Sequence Exploration

Visualizing and exploring post-military veteran career sequences

Exploring veteran’s whole career sequences

After cleaning the BGT data, we created our sequence objects using TraMineR. To begin, we created a sequence object using the whole career of veterans. This yielded 8,068 sequences of varying lengths. When creating the whole career sequence object, we defined eight unique states: Zone 1, Zone 2, Zone 3, Zone 4, Zone 5, Missing zone, Military, Military transition unemployment, Civilian unemployment, and Retired. For the preliminary analysis, all unemployment states (Military transition, Civilian, and Retired) are collapsed into one Unemployment state.

Among the sequences in the whole careers sequence object, there was a large distribution in sequence length. Differing lengths in sequences makes comparative analysis, including computing distance and clustering, difficult. In our case, clustering based on the preliminary sequence yielded “cohort” clusters, or clusters grouped essentially by sequence length. For our purposes, this does not yield a typology of careers so much as a descriptive grouping of veterans.

Figure 1. Distribution of career sequence lengths for veterans.

Next, we visualized the whole career sequences by looking at the mean time spent in each state. For help interpreting sequence graphs, please visit the interpreting sequence graphs section in our Methods.

Figure 2. Mean time spent in each state by veterans over their whole careers. Note: for veterans whole careers the three unemployment states are aggregated.

As shown in Figure 2, veterans on average spend the highest amount of time in Zone 4, for about six years. Military careers are the second highest, averaging out to about four years. Interestingly, veterans spend almost the same amount of time unemployed as Zone 4, for about two years. Time spent in Zone 1 is considerably lower than all other states at an average of almost zero.

Overall, the results of the sequence length and mean time analysis track with our knowledge of BGT resume data. These results show that the data overrepresent young (short sequences), white collar (higher zone) veterans. Looking at the state distribution plot gives us our first insights into the career paths of veterans over time.

Figure 3. Distribution of sequence states over the years of veteran’s careers. Note: for veterans whole careers the three unemployment states are aggregated.

Figure 3 shows that there is some degree of career mobility for veterans overall over time. About 45% of the sample begins their career in a military state, with that number dropping steadily over time. Unemployment peaks for veterans around five years and around sixty years, when the sample is much smaller. Looking at the Zone states, Zone 2 and 3 show a similar pattern of peaking at in early career stages and steadily declining. Both Zones 3 and 4 see the opposite effect by steadily widening to greater frequency over time. These preliminary findings suggest veterans do experience some degree of career mobility over time, moving out of unemployment and moving to higher zones.

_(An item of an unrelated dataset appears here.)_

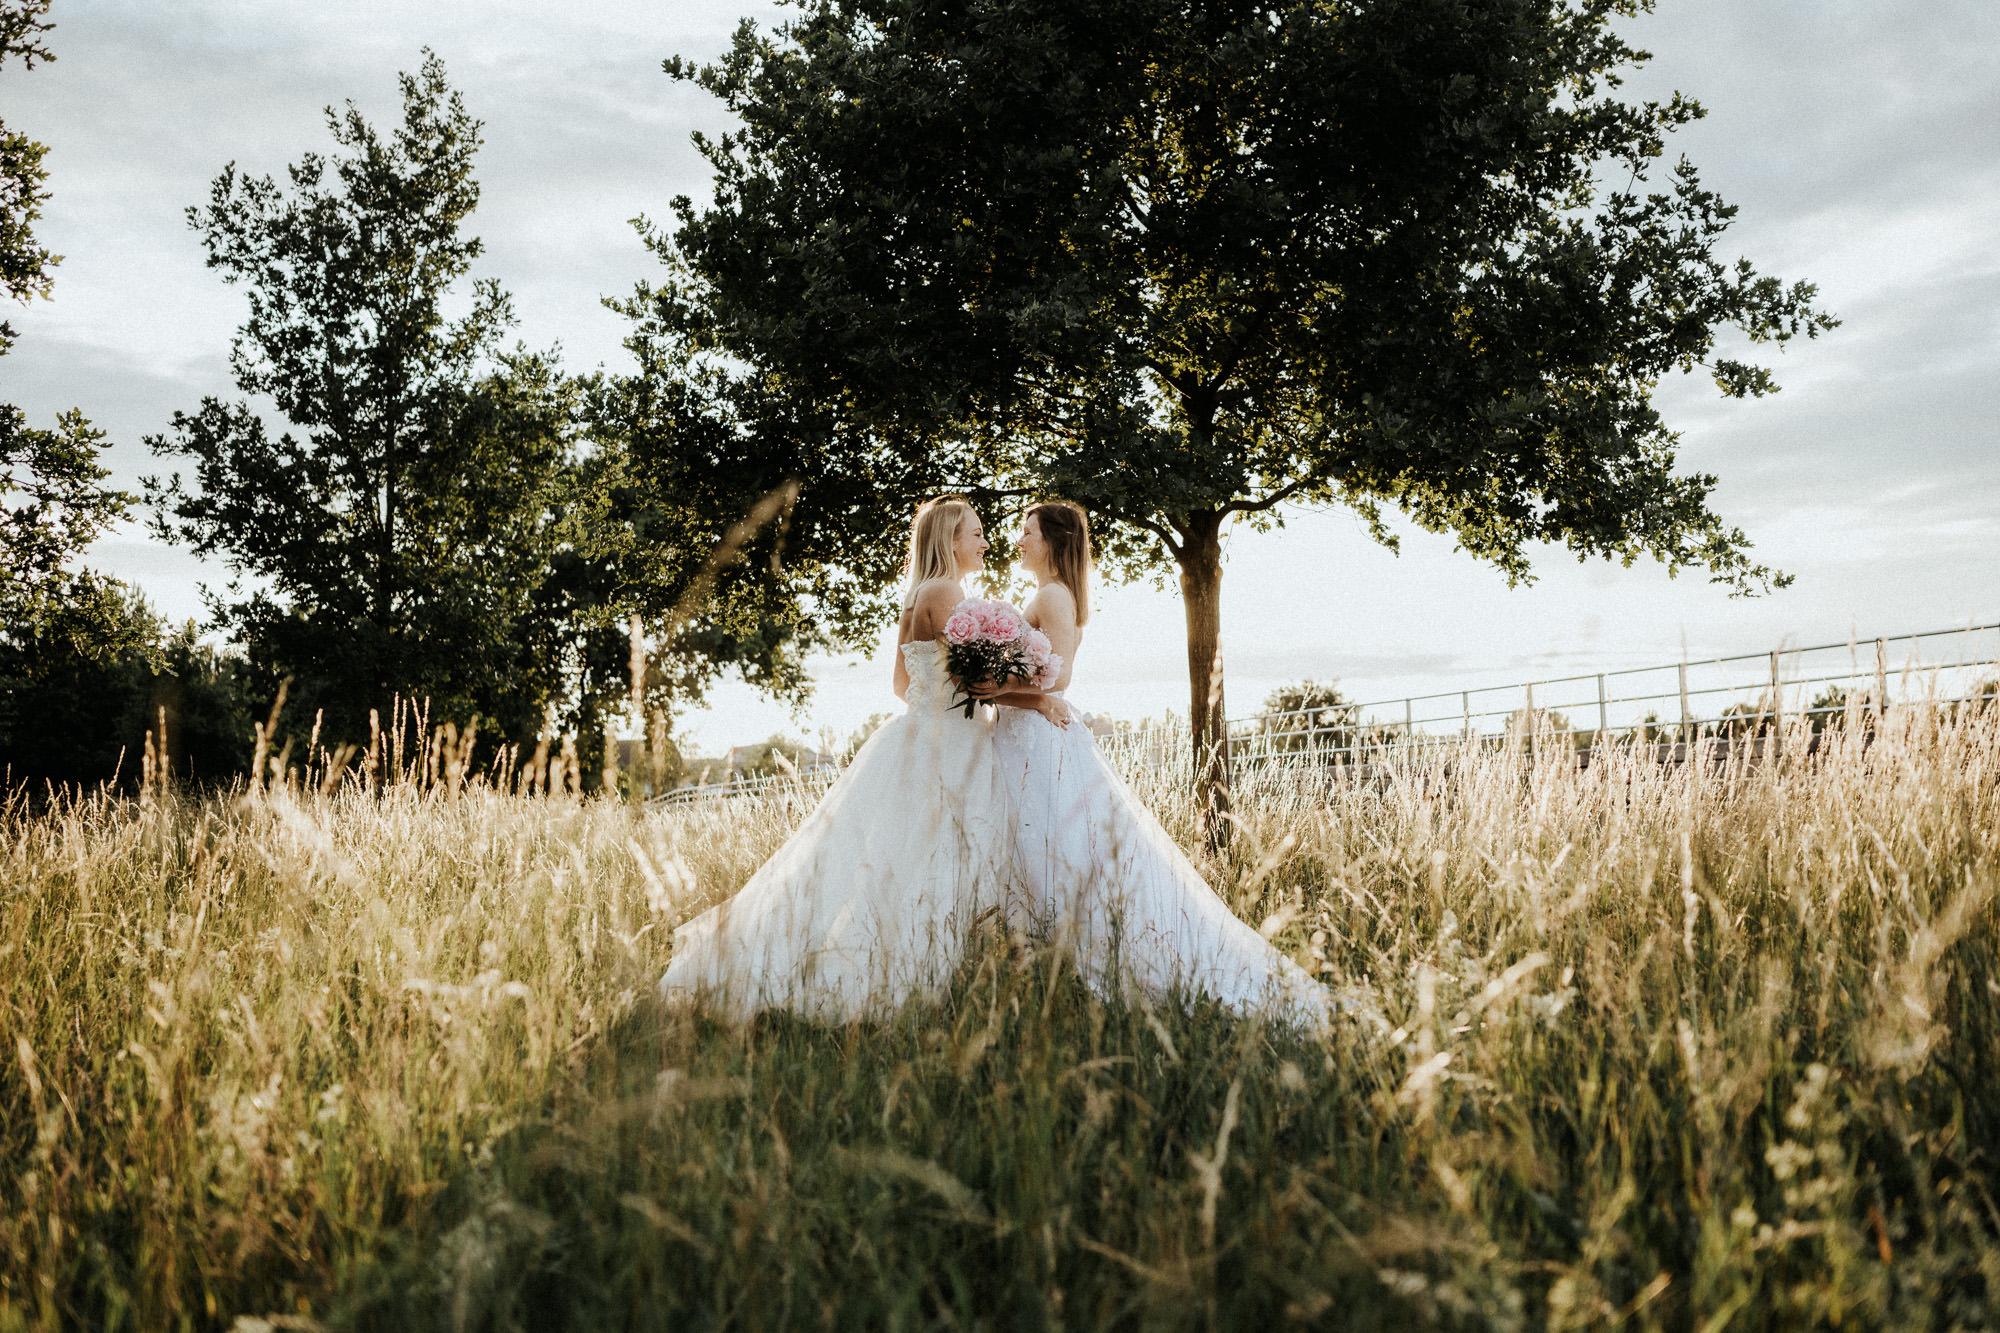 waltsmedia-hochzeitsreportage-after-wedding-shooting-berlin-8
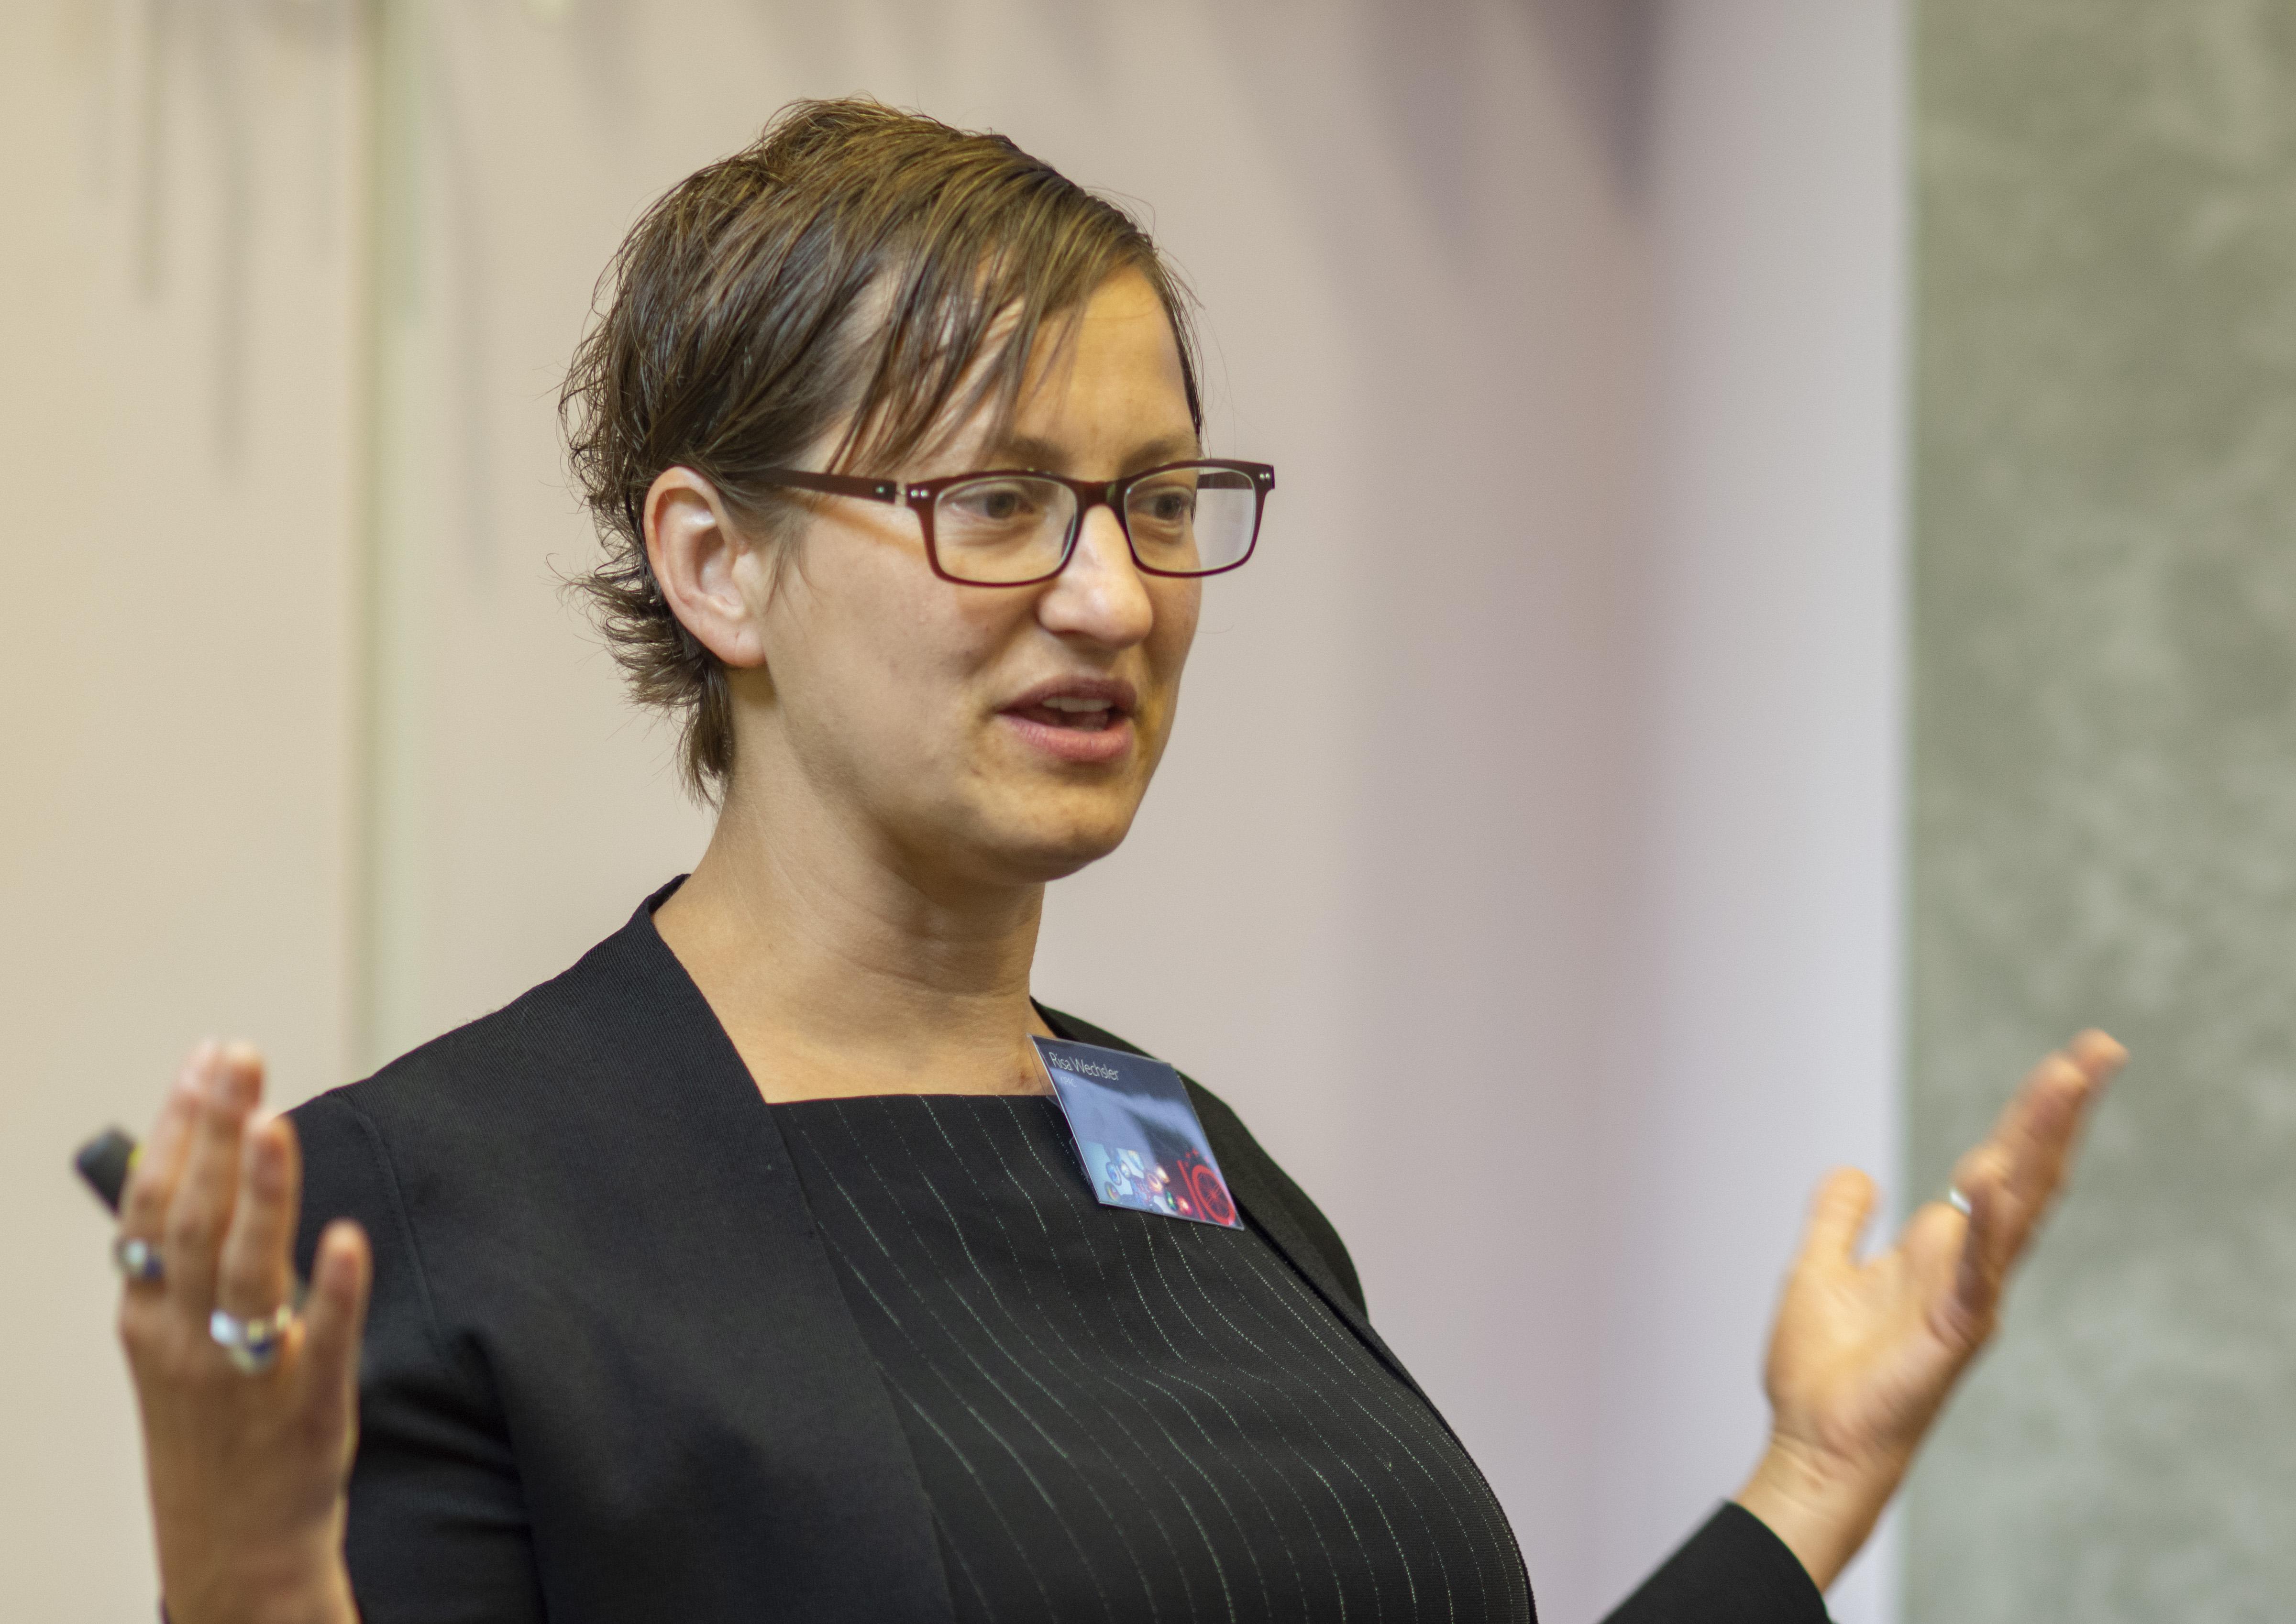 Morning presentations: Risa Wechsler

Exploring first ten years after veteran’s military exit sequences

To begin answering our research questions about veterans careers, we needed to subset our sample to analyze careers only after veterans exit the military. Additionally, after preliminary analysis and clustering, we decided to subset again to only the first ten years of a veteran’s post military career to combat problems associated with differing sequence lengths. Setting these new parameters yielded a sequence object with 5,185 sequences.

Figure 4. Mean time spent in each state by veterans for the first ten years after their last military job.

As shown in Figure 4, similar to the whole career sequence, Zone 4 is on average where veterans spend the most amount of time, almost three years. For the other Zones, their proportion to Zone 4 stays relatively similar to the inital exploration. The biggest difference in the new subset is the proportion of unemployment states to Zones. Military transition unemployment is equal to or higher than all Zones except for Zone 4 at a little over a year. Moreover, retirement is the second highest state on average, for about two years. This suggests that veterans frequently experience a state of unemployment after exiting the military.

Figure 5. Distribution of sequence states over the first ten years after veteran’s last military job.

The state distribution analysis, as shown in Figure 5, further describes the picture of employment outcomes for veterans. Interestingly, up to two years after exiting the military, the most frequent state for veterans is miliatry transition unemployment. While this military transition unemployment declines over time, there is not great preliminary evidence for great career mobility in the first ten years of employment. Zones 4 and 5 do not widen over time, instead they stay relatively stagnant. The number of veterans in retirement increases steadily over the ten year period.

Conclusions and Implications

The intital exploration of sequences helped us to define and prioritize our research questions and project scope. By subsetting to the first ten years of a veteran’s post military career, we were able to make more meaningful comparisons between sequences, which is necessary for cluster analysis. Preliminary findings suggest that veterans do not experience great career mobility in the first ten years of their career. In subsequent findings sections, we will build on this analysis using clustering and tournament models. With clustering, we will explore creating a typology of careers and the explanatory factors associated with cluster assignment. Through tournament modeling, we will explore the idea of career mobility using the theory of path dependence.